Restate the data below word for word. Skip any images it contains.

DATA BELOW:
########

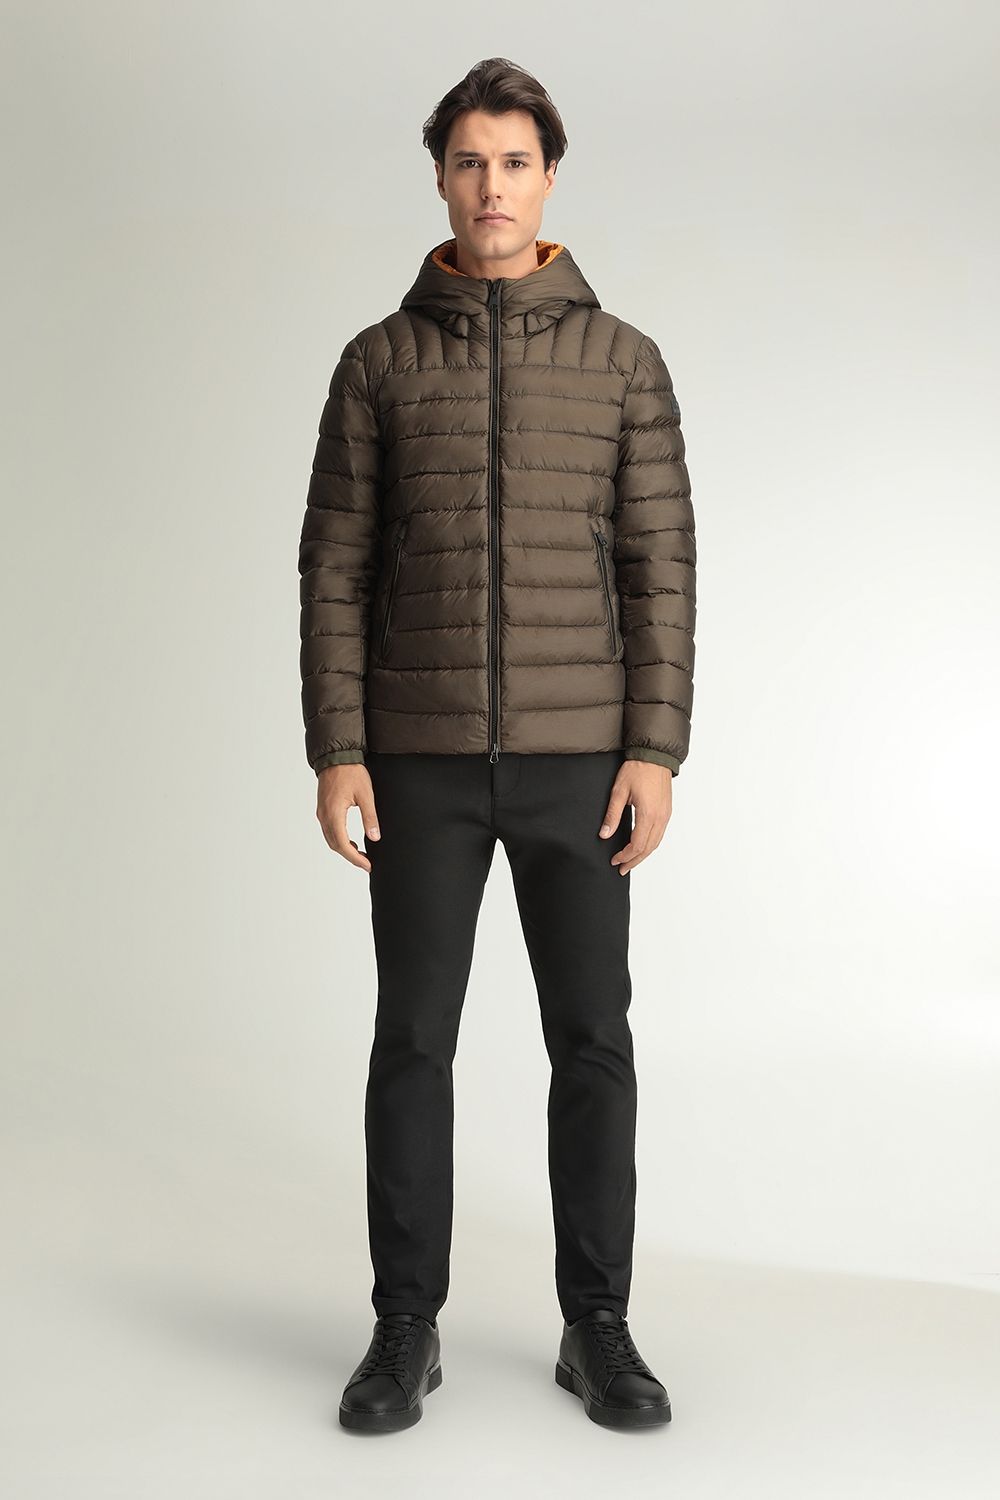 Men's jackets Hetregó  Winter Collection 2020-21
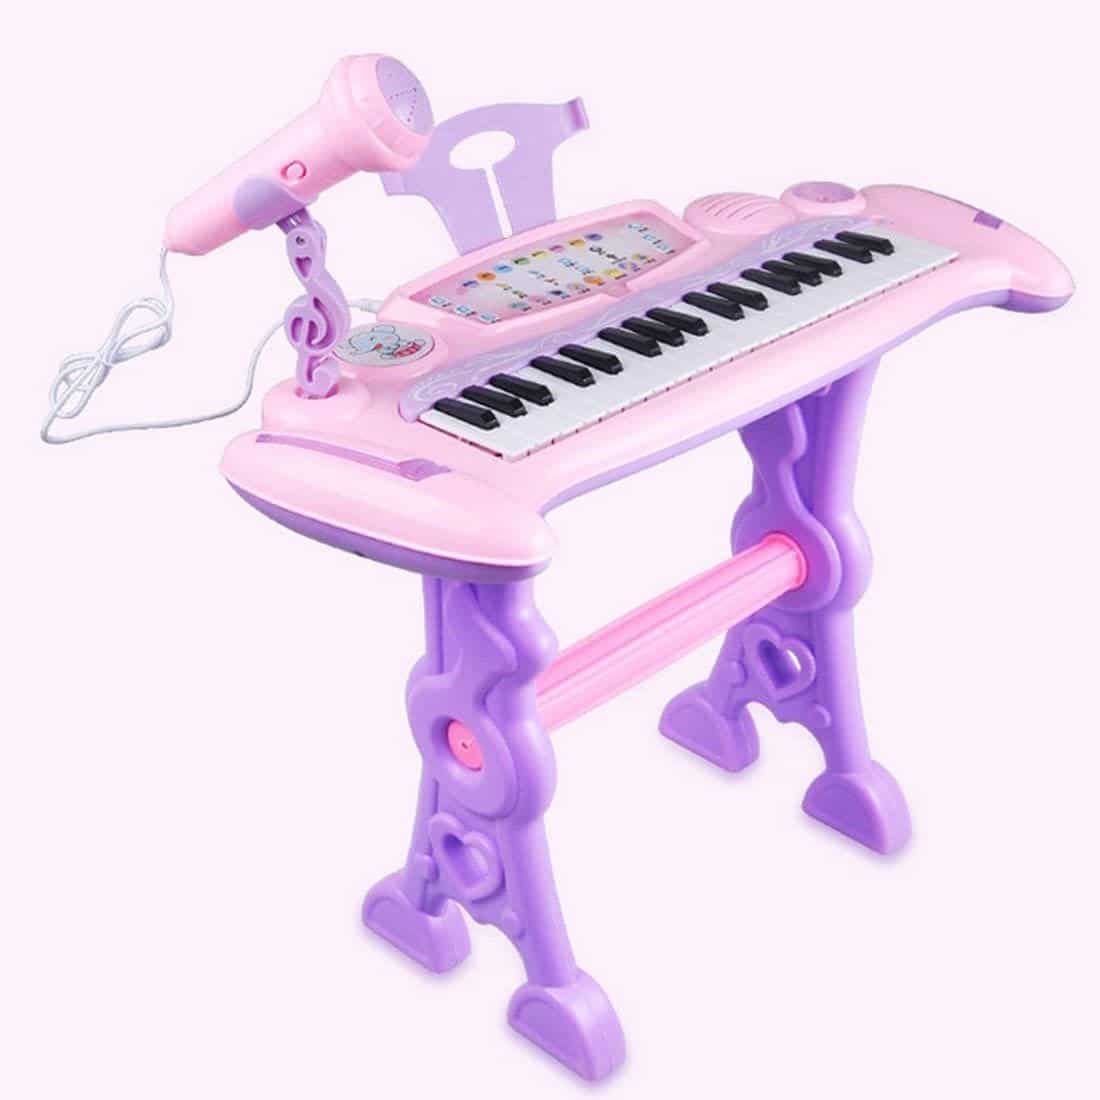 Children’s Toy Piano
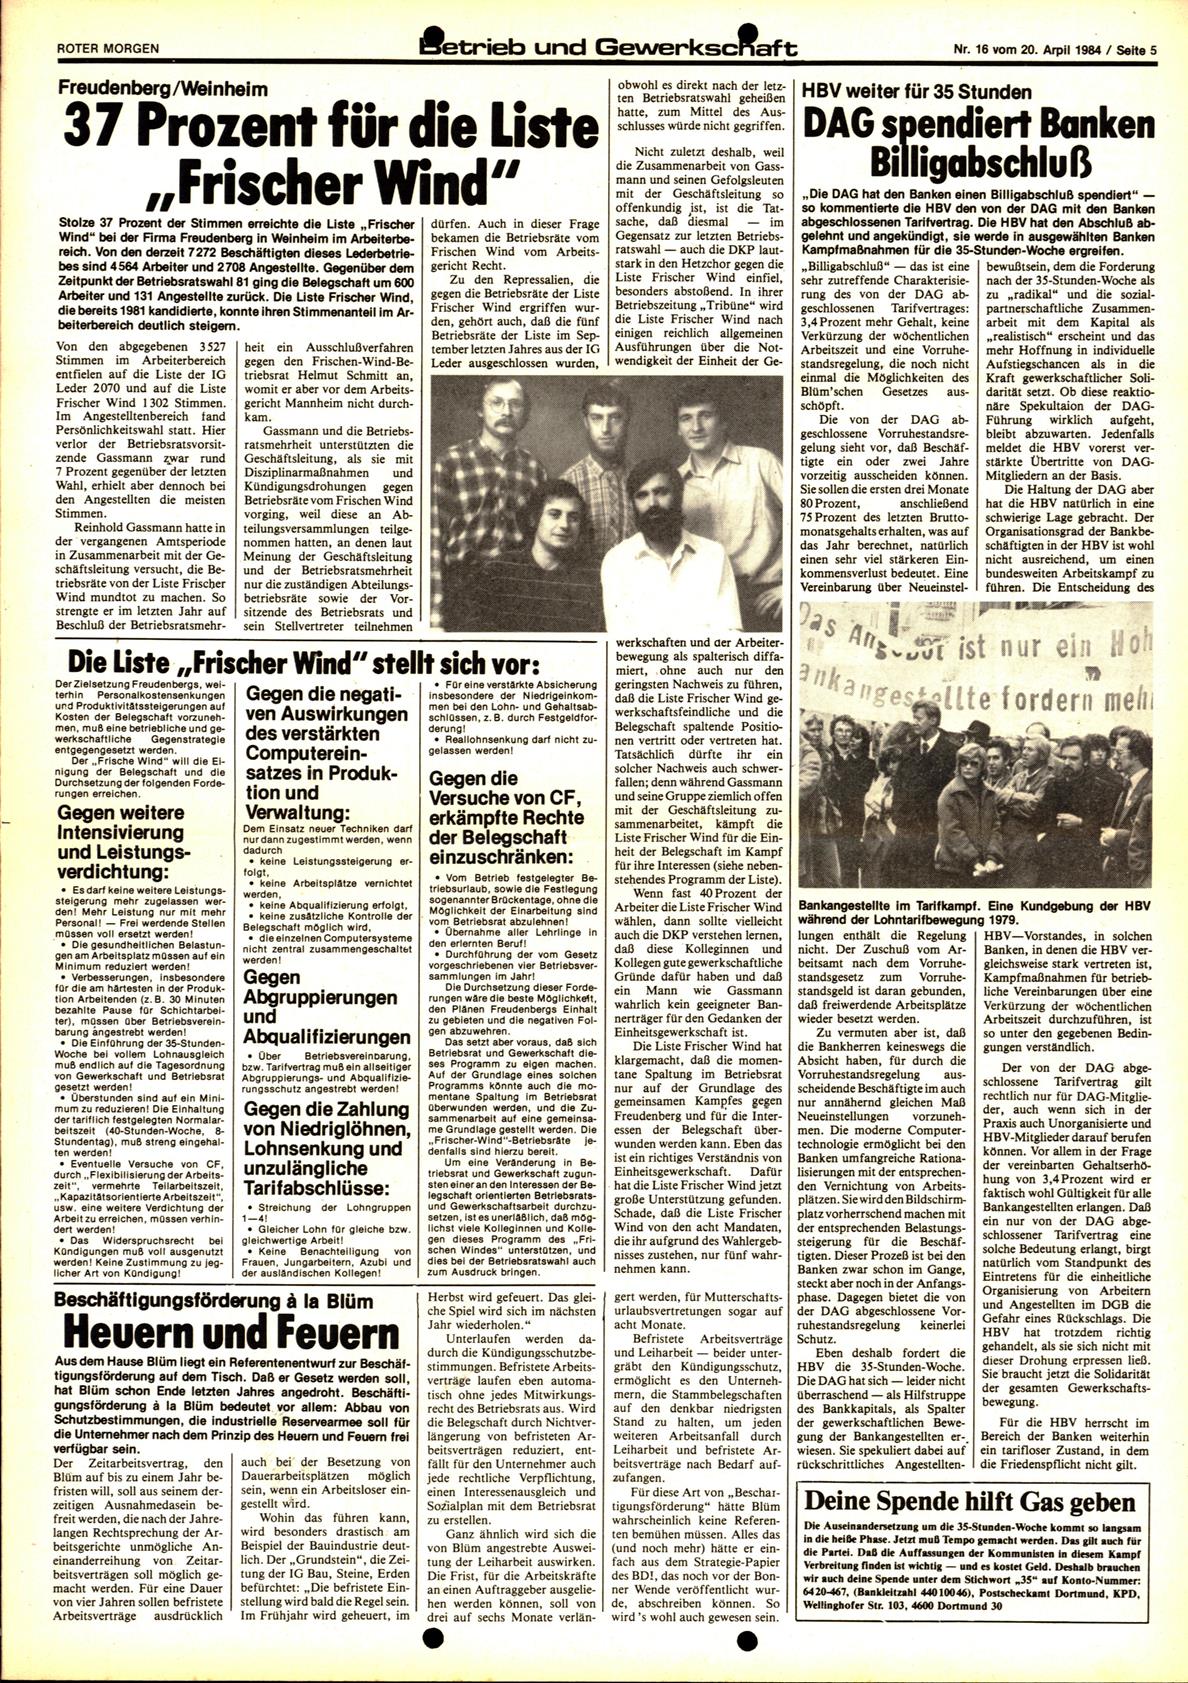 Roter Morgen, 18. Jg., 20. April 1984, Nr. 16, Seite 5

########

RESULT BELOW:
 Men's jackets Hetregó  Winter Collection 2020-21
 Children’s Toy Piano
 Roter Morgen, 18. Jg., 20. April 1984, Nr. 16, Seite 5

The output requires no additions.